Young Jean Lee’s Theater Company, We’re Gonna Die, 2011. Performance View. Future Wife.


Young Jean Lee’s latest work, We’re Gonna Die, is being performed at Joe’s Pub in New York through April 30. Lee is a New York–based playwright and director who began the Obie-winning Young Jean Lee’s Theater Company in 2003. She was recently awarded a 2011 Guggenheim Fellowship.

THIS IS ACTUALLY A SHOW ABOUT PAIN, and one major source of pain that we address is the fact that we’re all going to age and die. No matter how lucky you are in the world, that’s something everyone eventually faces.

You could definitely see We’re Gonna Die as part two of Lear [2010]—but in some ways it’s also the total opposite. It’s the crowd-pleasing version. I feel like there are definitely crowd-pleasing elements in all of my shows, but there are also form-related things that upset certain people. Normally my work is more experimental or nonlinear, and because of that some people get upset that there is no coherent plot. For example, half the people who saw Lear were totally outraged that it turned into an episode of Sesame Street in the second half. We’re Gonna Die is my first show where it has all the crowd-pleasing elements but none of the formal frustration. In fact, I don’t know that I’ve ever encountered a more straightforward show. There is no subtext in this work. With that said, the content is as difficult and alienating as in any of my other shows, if not more so. It’s definitely life-affirming, but not unambiguously so. I basically say at the beginning that my intent is to offer the audience comfort, and then I proceed to make them feel worse and worse until finally I end up giving them the comfort that I promised to them.

The music was very central to the show, and the songs came before the text. I wrote the songs with the musical director, Tim Simmonds. I would sing crude lyrics and melodies into a recorder and he would help me refine them and turn them into real songs. Then our band, Future Wife––Mike Hanf, Nick Jenkins, and Ben Kupstas––helped us make them musically interesting. The members are all songwriters and front men of their own bands, so they contributed a huge amount musically. Then I created the script through improvisation in collaboration with Paul and also Morgan Gould, the show’s associate director. I don’t recite the script word for word, since it has to sound conversational, almost like a self-help seminar or something.

It’s definitely not charisma in the way we normally think of it, in the sense of a larger-than-life personality, but what we did find was that everybody has the potential for their own kind of charisma onstage if you can just tap into it. It’s an unselfconscious communicativeness that I definitely didn’t have when I started out. When I began, I had this default position of standing stock still without any expression on my face at all. That was just my default mode when I was onstage, but the director Paul Lazar managed to coax out this other quality, which is what I’m like when I’m animated and telling stories to my friends in my living room. I feel like everybody has that inside of them, when they have a really good story or when they have something interesting to say, this sort of human charisma that is not a performer charisma but a storytelling one. That’s what propels the show forward.

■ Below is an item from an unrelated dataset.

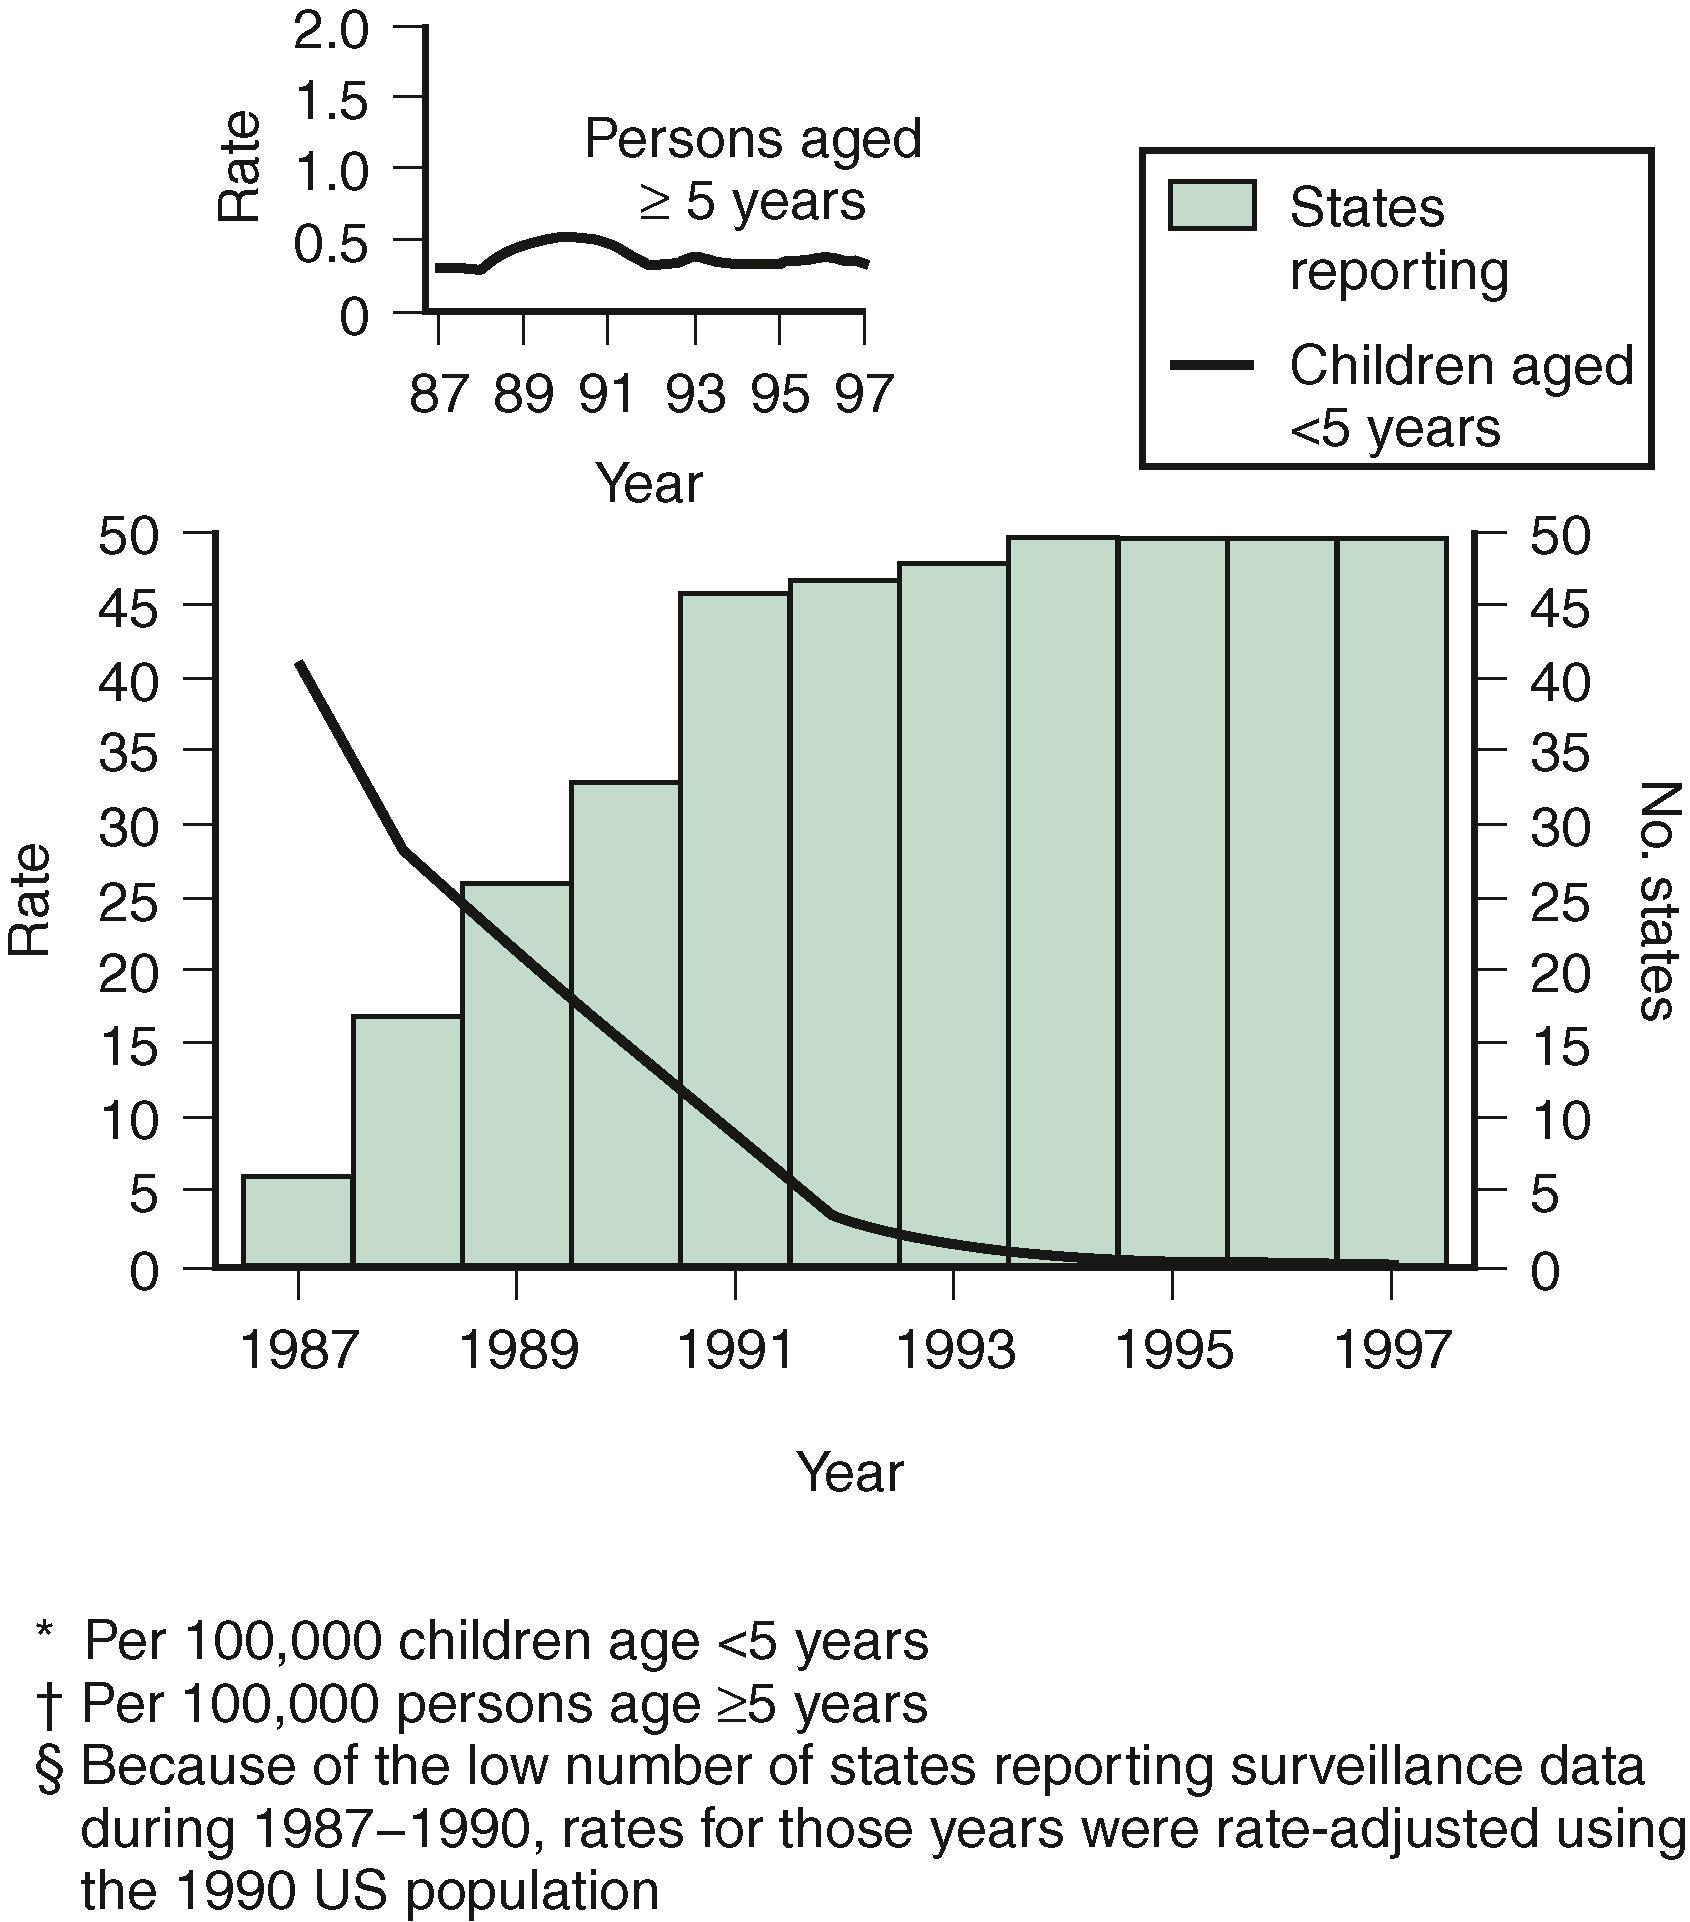 Figure 40.1, Incidence ∗§ per 100,000 of invasive Haemophilus influenzae disease among children younger than 5 years †§ in the US and the number of states reporting H. influenzae surveillance data to the National Notifiable Diseases Surveillance System, 1987–1997. § Insert represents the incidence of invasive H. influenzae disease among persons 5 years or older.

The show is definitely not stand-up or comedy, although people are laughing through the whole thing. It’s more like the kind of laughter of where you have pent-up tension and you need relief. So in this show people are laughing at all kinds of awful and weird things. They’re like, “Phew, she gave me this moment where I get to laugh.” And then I start tightening the screws again.

I am looking forward to the end of this run like I have never looked forward to anything before. I just can’t imagine how an actor getting to the end of a run would possibly want to audition for a new show. Performing is just stressful; it’s incredibly difficult. It makes you crazy. My respect and admiration for performers, and in particular for solo performers, has increased a thousandfold. I watched a lot of brilliant solo and cabaret performers as research for this show, and I still have no idea how they do it.